А между тем бывает такой своеобразный сплин, который трудно предотвратить. Это ожидание утра, которое вечера мудреней, потому что не все утра обладают этим свойством. Это может длиться месяцами. Это ни то ни се, долгая, томная, изнуряющая смесь сожалений, последних с окончательными, это было с нами тысячи раз, это потеха, но не удается потешиться, распасться в улыбке, которой мы улыбались уже тысячи раз. Это конец, почти самый конец дня, и таблетки уже не помогают. К счастью, это не всегда длится вечно, как правило, это длится всего несколько месяцев, бывало даже, что внезапно все кончалось – например, в теплых странах. И потом, это не обязательно происходит беспрерывно, формального запрета на передышку нет, вовсе нет, и некоторые передышки даже приносят вам самую настоящую иллюзию жизни, пока они длятся, иллюзию бегущего, незагубленного дня. И даже если не заходить так далеко, они, эти передышки, приносят вам хоть небольшое облегчение, некоторые, не все, лишь те, которые дозволены, причем именно на то время, пока длятся.

Еще есть очаровательные краски, оттенки зеленого и преходяще-лимонного, не будем уточнять, они еще бледнеют, но это чтобы вернее вас насадить на вертел, угаснут ли они когда-нибудь, да, о да, угаснут.

И что тогда? Тогда всё, спасибо.

Снаружи это был такой же дом, как многие другие. Изнутри тоже. Из него вышел Камье. Он еще прогуливался понемногу в хорошую погоду. Стояло лето. Предпочтительней была бы осень, конец октября, начало ноября, но стояло лето, ничего не поделаешь. Солнце садилось, смычки настраивались (непонятно зачем), прежде чем разразиться древним плачем. Камье, легко одетый, шел вперед, уронив голову на грудину. Время от времени он выпрямлялся резким и тут же сходившим на нет движением, просто так, чтобы сориентироваться. Он чувствовал себя не слишком плохо, день выдался скорее удачный. Прохожие его толкали, но не нарочно, нет, не нарочно, они бы предпочли до него не дотрагиваться. Он делал круг, только один круг, иначе он скоро уставал, очень уставал. Тогда он останавливался, широко раскрывал свои маленькие сине-красные глазки и обводил ими все вокруг, пока не определял свое местонахождение.

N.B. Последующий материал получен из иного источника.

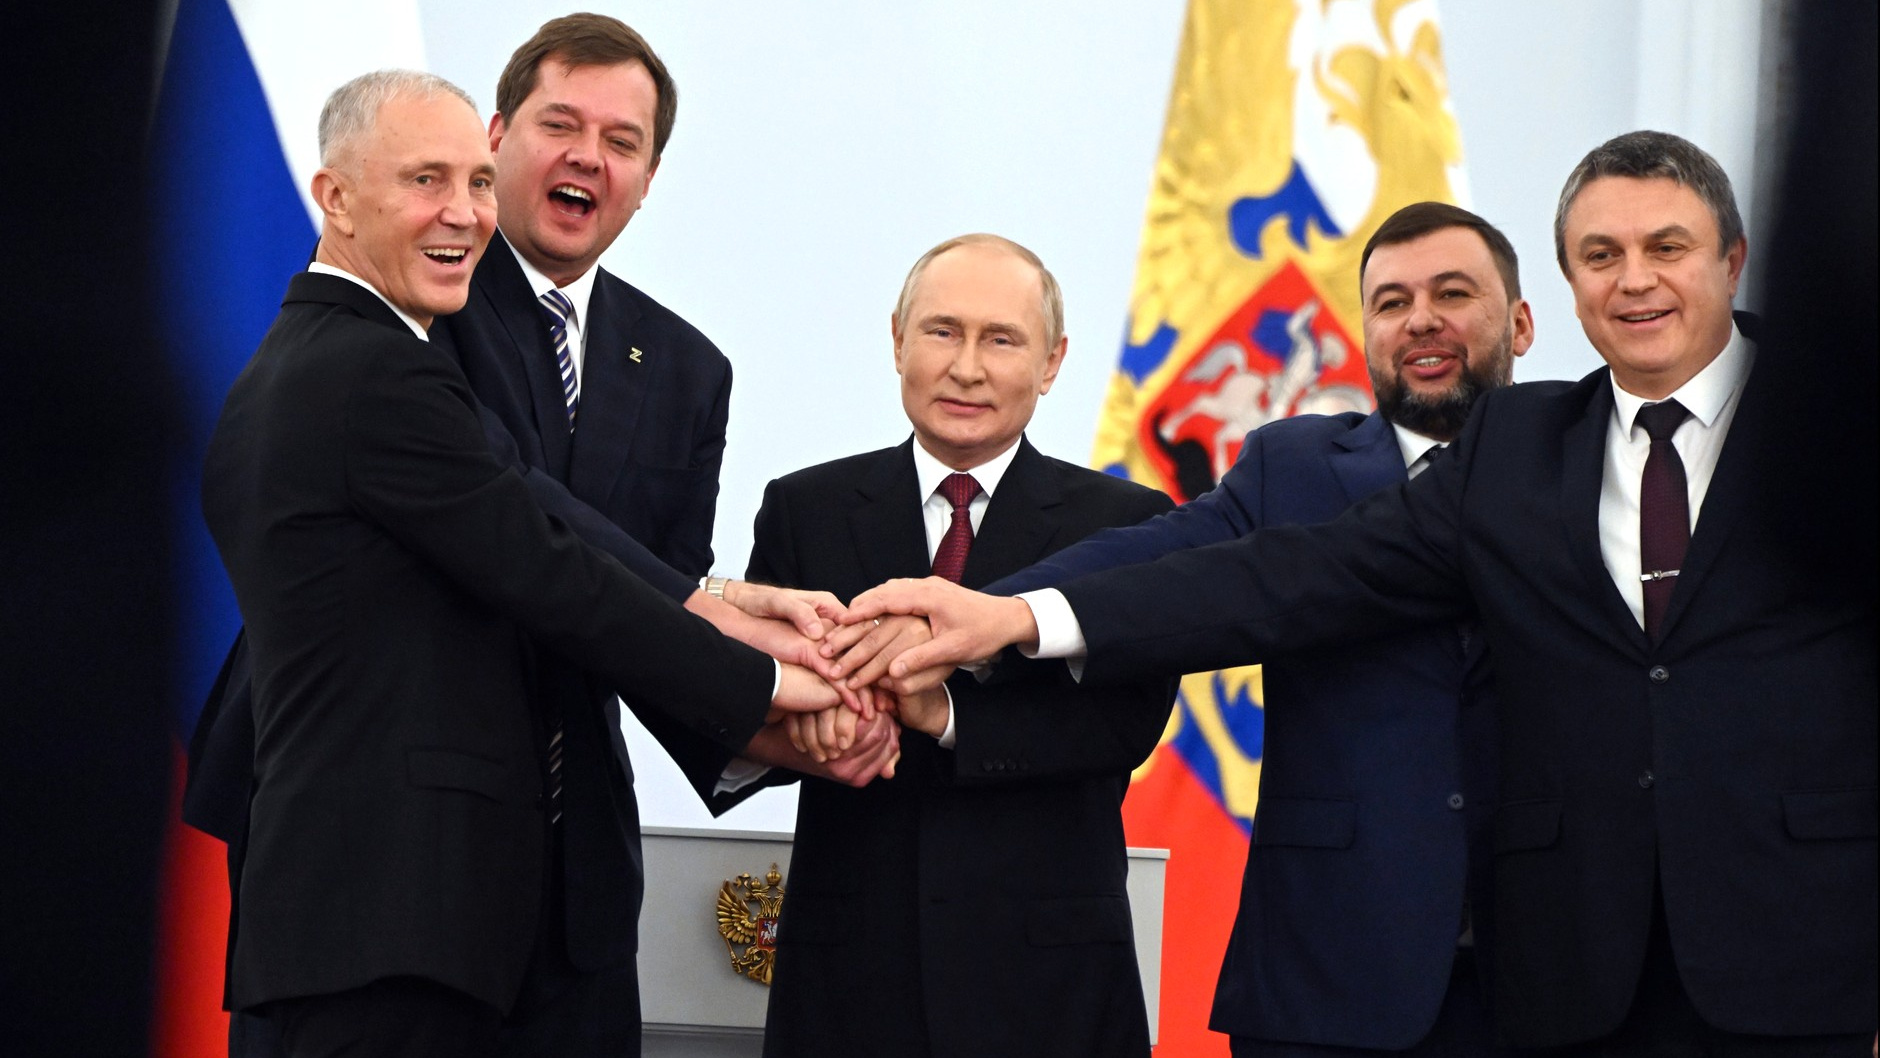 Запорожье, Херсон и ЛДНР вступили в РФ, а Украина попросилась в НАТО

Поскольку сил дойти до дому не хватало, ему частенько приходилось заглядывать в первый попавшийся бар, просто чтобы взбодриться, набраться уверенности, уверенности и мужества на то, чтобы пуститься в обратный путь, о котором часто у него бывало довольно смутное представление. Он помогал себе палкой, стуча ею по земле на каждом шагу, не на каждом втором шагу, а просто на каждом. Вдруг на его плечо легла чья-то рука. Камье замер, съежился, но головы не поднял. Ему было все равно, так ему было даже лучше, проще, но это был еще не повод отрывать глаза от земли. Он услыхал: «Мир тесен». Чьи-то пальцы приподняли ему подбородок. Он увидел человека мощного телосложения, крайне гнусно одетого. Вдаваться в подробности бесполезно. Человек выглядел немолодым. От него воняло старостью, да и немытостью, в общем, сильно воняло. Камье со знанием дела принюхался.

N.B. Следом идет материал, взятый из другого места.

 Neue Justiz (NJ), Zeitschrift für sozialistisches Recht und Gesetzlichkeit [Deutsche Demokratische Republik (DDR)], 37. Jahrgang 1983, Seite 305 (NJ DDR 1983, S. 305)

– С моим другом Мерсье ты знаком, – сказал человек.

Камье безуспешно поискал вокруг глазами.

– Позади тебя, – сказал человек.

Камье обернулся. Мерсье, всецело поглощенный витриной шляпного магазина, был виден в профиль.

– Разрешите, – сказал человек. – Мерсье, Камье, Камье, Мерсье.

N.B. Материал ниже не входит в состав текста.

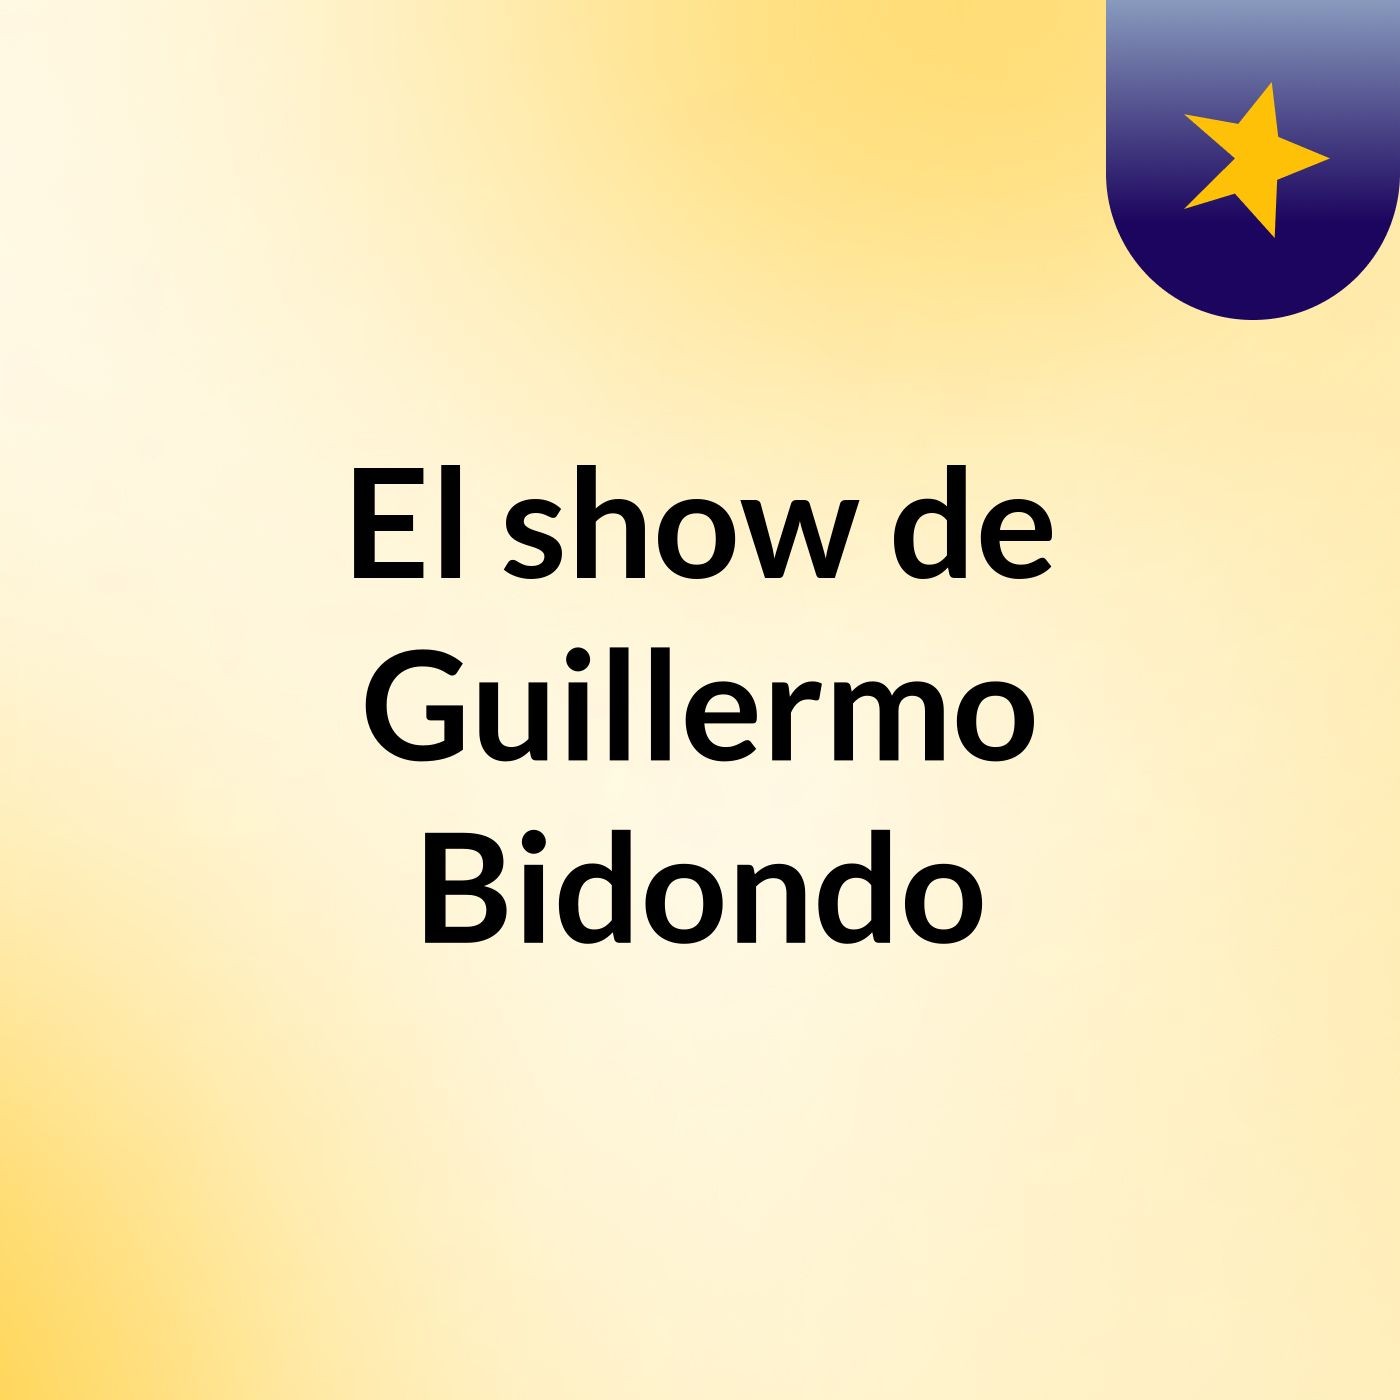 El show de Guillermo Bidondo

Ни дать ни взять, два слепца, которым только зрения и не хватает, чтобы составить представление друг о друге, а все прочее в наличии – и желание, и взаиморасположение тел в пространстве.

– Вижу, что вы знакомы, – сказал человек. – Я и не сомневался. Главное, не здоровайтесь.

– Я вас не знаю, месье, – сказал Камье.

– Я Уотт, – сказал Уотт. – В самом деле, я неузнаваем.

– Уотт? – сказал Камье. – Это имя ничего мне не говорит.

– Я малоизвестен, это правда, – сказал Уотт, – но рано или поздно я добьюсь известности. Не говорю – всемирной, например, немного шансов на то, что слух обо мне достигнет Лондона или Кук-Тулза.

– Откуда мы друг друга знаем? – сказал Камье. – Простите мою забывчивость. Я еще не все успел восстановить в памяти.

– Охотно прощаю, – сказал Уотт. – В колыбели.

– Признайте, что в таком случае мне трудно было бы вас опровергнуть, – сказал Камье.

– Никто тебя не просит меня опровергать, – сказал Уотт. – В самом деле, мне весьма тягостно дважды за столь краткий промежуток времени слышать все те же глупости.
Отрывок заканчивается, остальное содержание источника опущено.